University students (n = 46) with an average age of 21 years (SD = 3 years) participated in the present study. Two participants were removed from the analyses, because there were problems with their think alouds. Thus, analyses were conducted with 44 participants (34 female and ten male). Thirty-nine participants were enrolled in a bachelor’s degree program and five in a master’s program^{Footnote 1}. They were from a wide range of degree programs, of which psychology (11) and communication science (six) were the most common. We informed participants about the present study, and they were given the opportunity to ask questions, after which they gave active consent to collect data. Our research lab’s ethical committee approved the present research.

Procedure

Students started with the pretest, which consisted of demographic questions, a domain knowledge test, three concepts maps (one per topic), and a metacognitive knowledge questionnaire. Next was the learning session. Students’ task was to write an essay about the future of education using the provided informative texts. They were given 45 min to read the texts and write an essay. We recorded think aloud during their learning session. The final part was the posttest. Students completed three knowledge tasks: the same domain knowledge test and concepts maps, and a transfer test.

Materials

Apparatus

The learning environment was presented via a laptop on a separate monitor (23 inch; 1920 × 1080 pixels) to the participants. Windows 10 with default settings was installed on the laptop. Students used a keyboard and mouse, which were connected to the laptop. The learning environment was created for this study’s purpose. It ran on a local PHP-server and was presented via an internet browser.

Learning environment

The learning environment consisted of three panels, see Fig. 3. The left-hand panel was used to present the menu, a search function, links to the instruction and rubric, a button to change the essay mode (small, medium, or large essay), and a count of the number of words in the essay. The middle panel presented informative texts (of which six pages also had a picture) and the essay. The right-hand panel was used to interact with four tools: a planner, timer, highlighter, and note-taker.

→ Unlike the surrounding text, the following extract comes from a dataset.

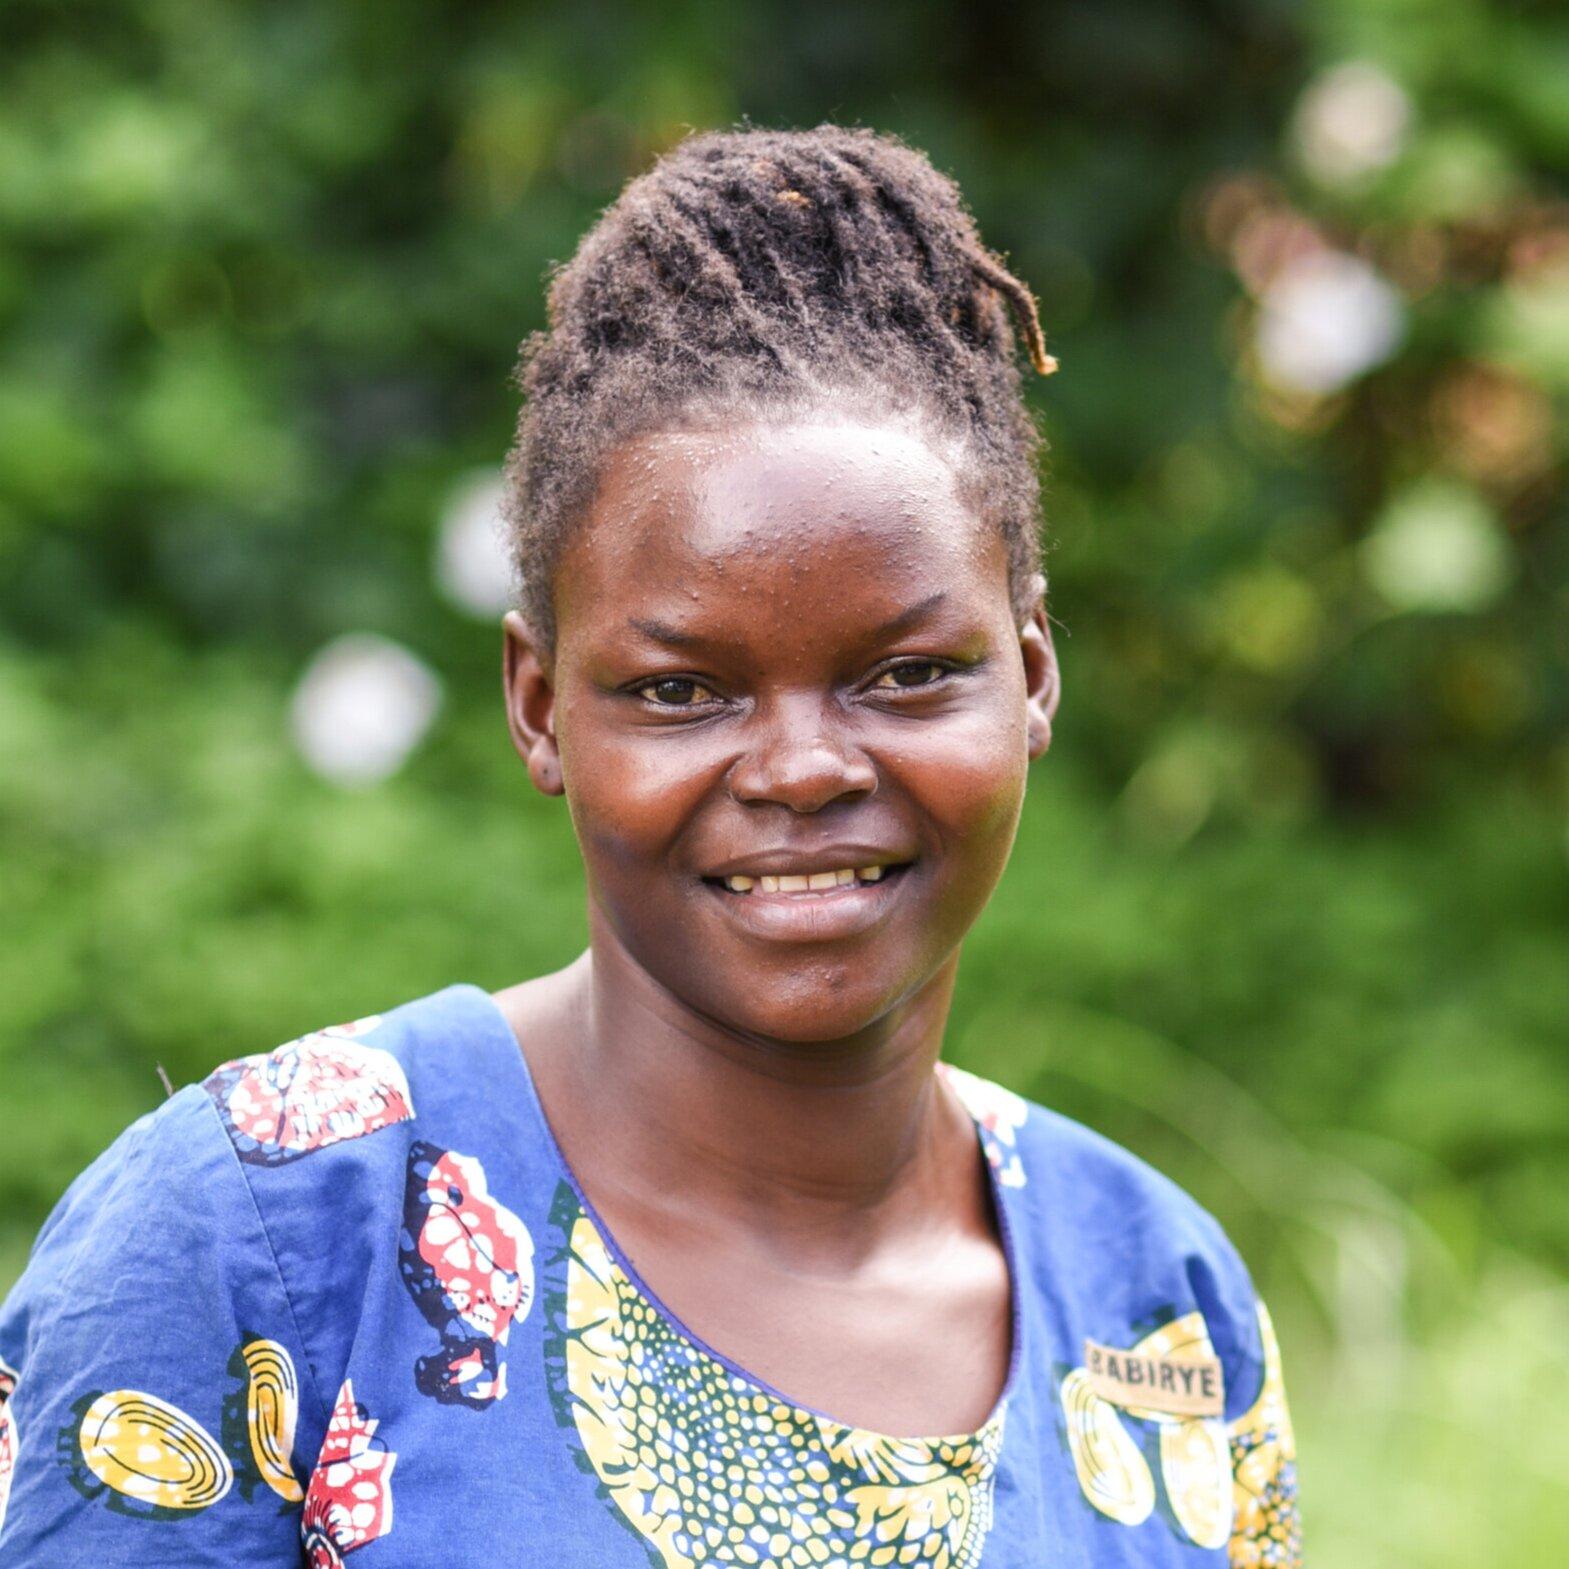 Babirye - Supervisor of Nutrition/Cook
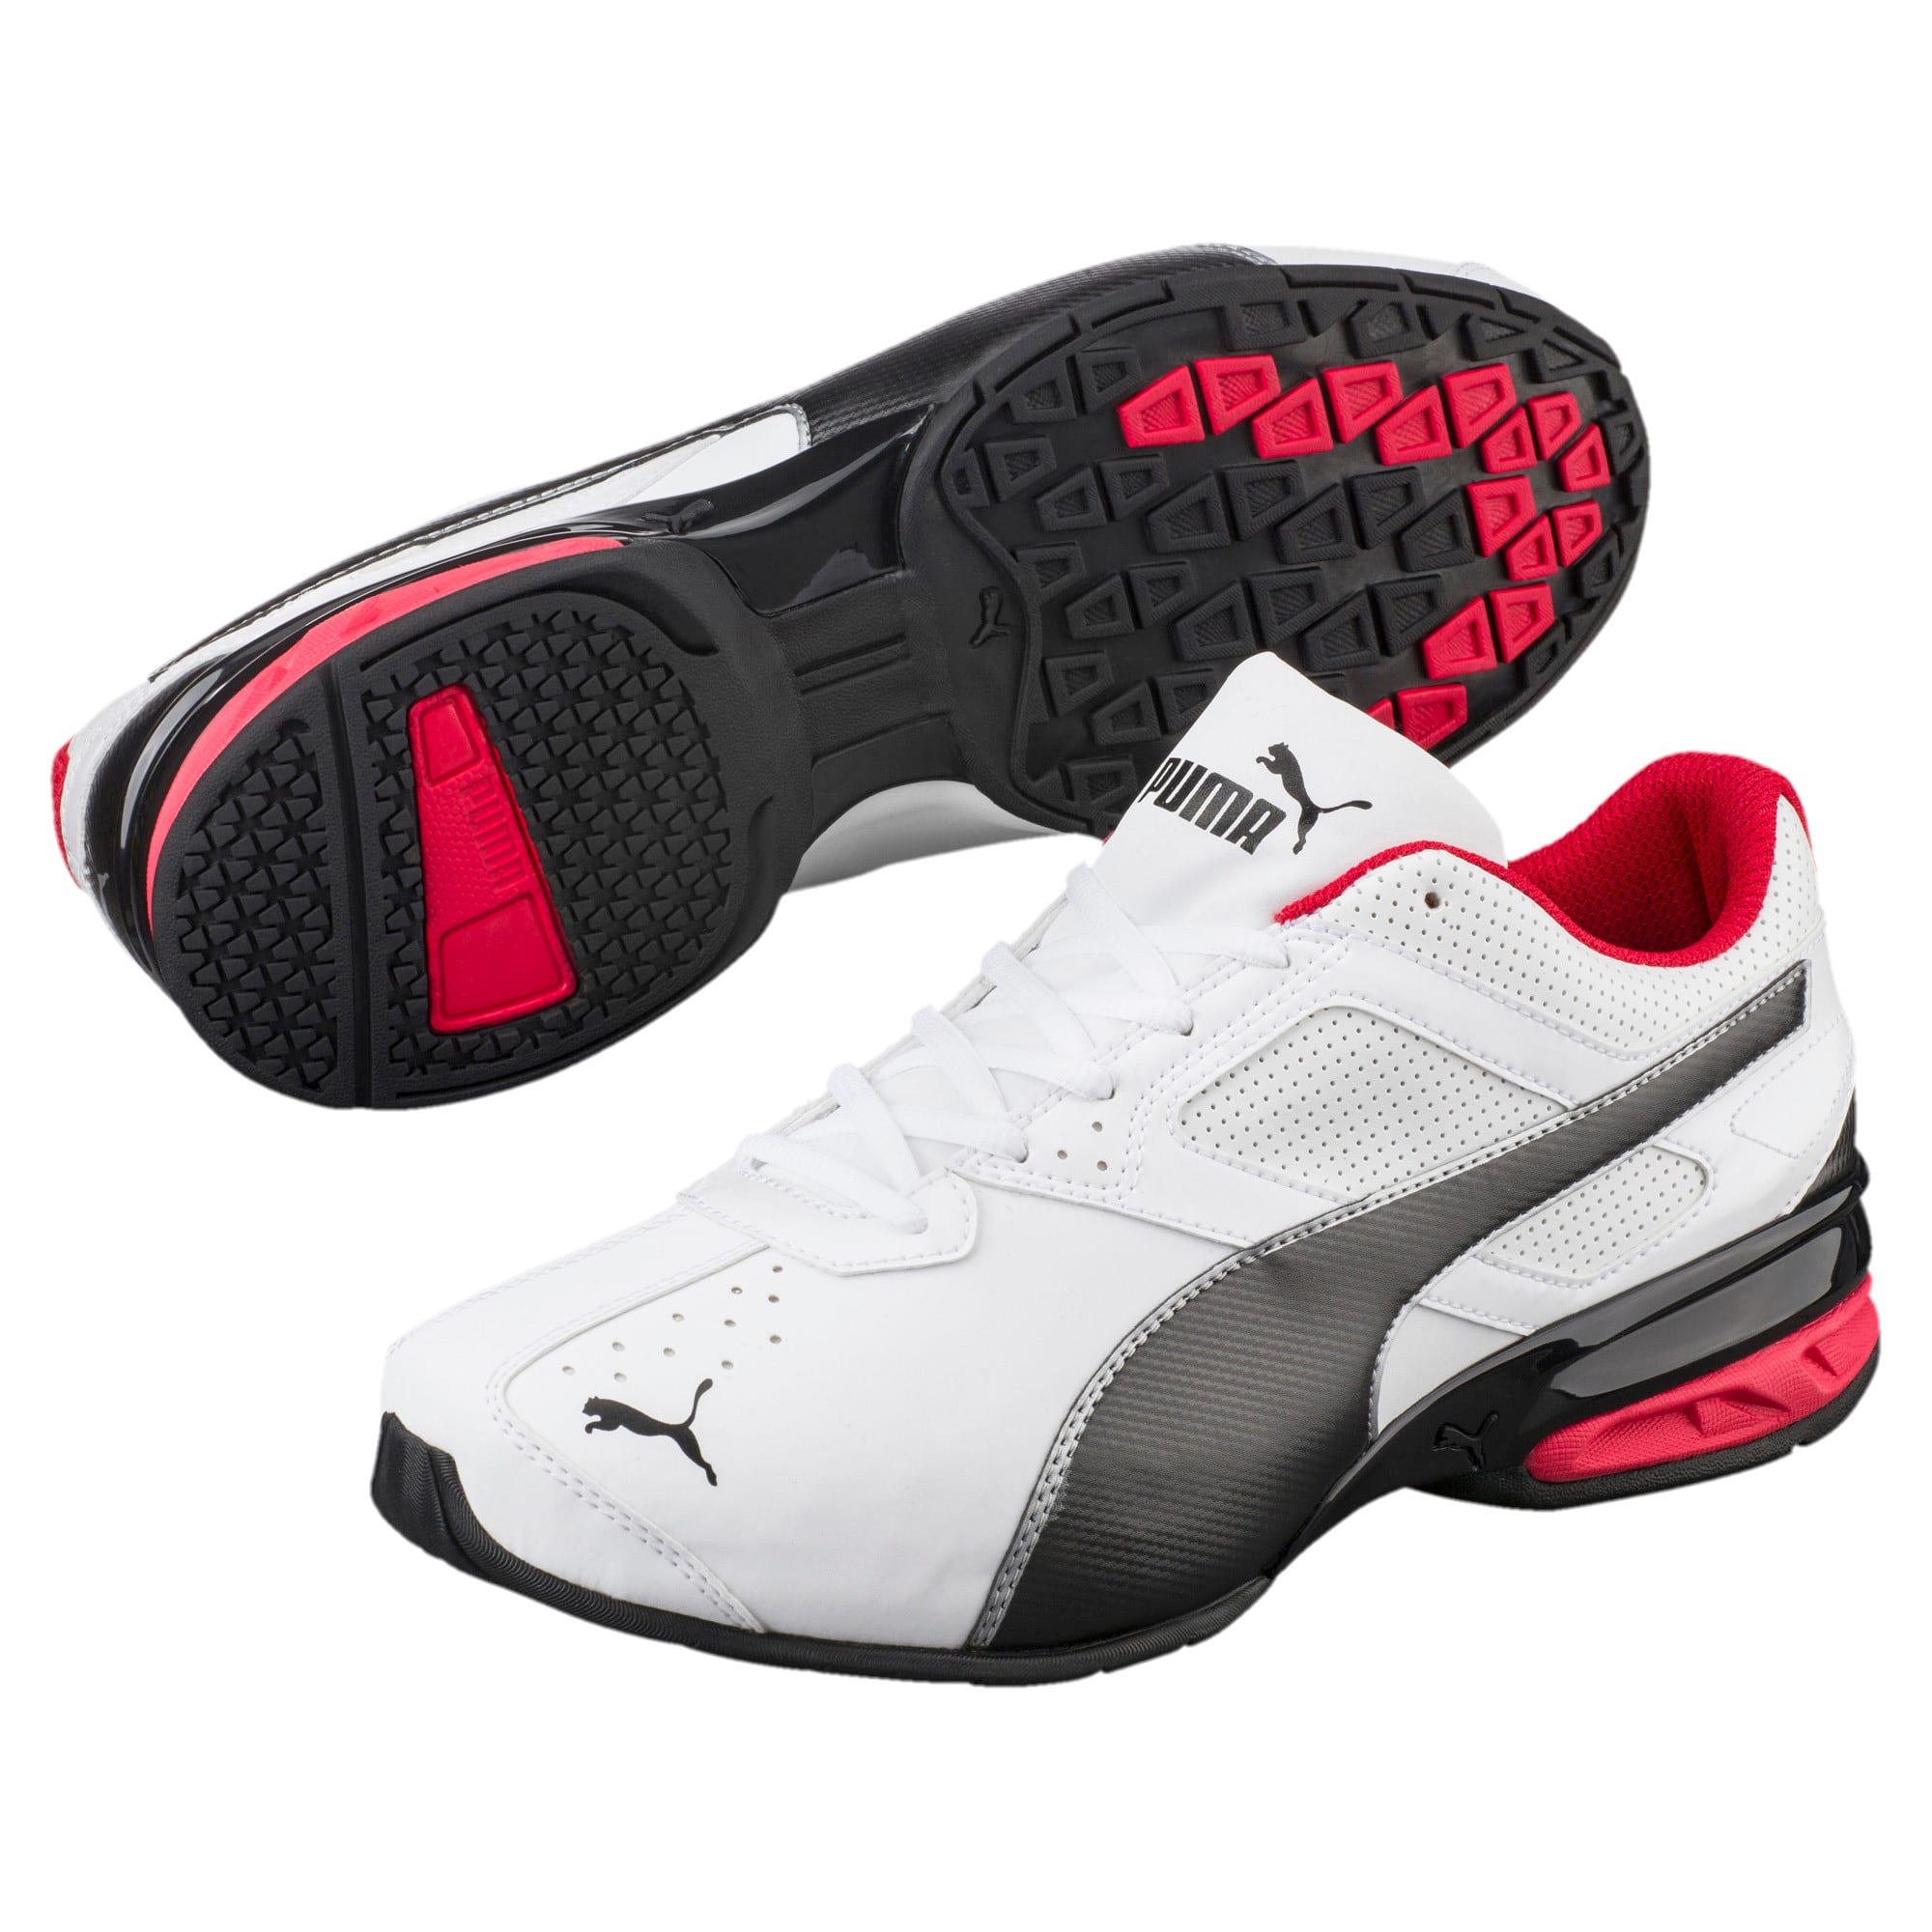 Thumbnail 2 of Tazon 6 FM Wide Men's Sneakers, White-Black-puma silver, medium

Regarding the texts, there were instructions, a rubric, and informative texts about three different topics. The instructions were on the landing page. Students were instructed to write an essay of 300 to 400 words in 45 min. The essay should incorporate information from the three learning topics: artificial intelligence (AI), differentiation, and scaffolding. Furthermore, the essay should offer a vision of the future of education based on these topics. The instruction explicitly stated that 45 min is a short time and that participants could skip texts and start writing the essay if they wanted. Most of the text was relevant for the essay, but some parts were not. Students had access to the essay rubric, which contained the details of the essay assessment criteria based on the learning instruction and goals. The informational texts addressed: AI—what is AI, how does AI work, and four common forms of AI (Van Wetering et al., 2019); differentiation—what is differentiation, and how to apply it in the classroom (Deunk et al., 2018); and scaffolding—roots of scaffolding, what is scaffolding, and applying scaffolding (Reiser & Tabak, 2014). These three topics were chosen because of their potential relevance for education in 2035. To elicit decisions from the students about what to read, we added irrelevant texts for AI—history of AI (Russell et al., 2010), differentiation—standards for teacher education (Darling-Hammond, 2017), and for scaffolding—cognitive apprenticeship (Collins & Kapur, 2014). All texts were presented in Dutch. The original English texts were translated by the author(s) of the current paper, and the translations were discussed and finalised in collaboration with experts in the respective fields.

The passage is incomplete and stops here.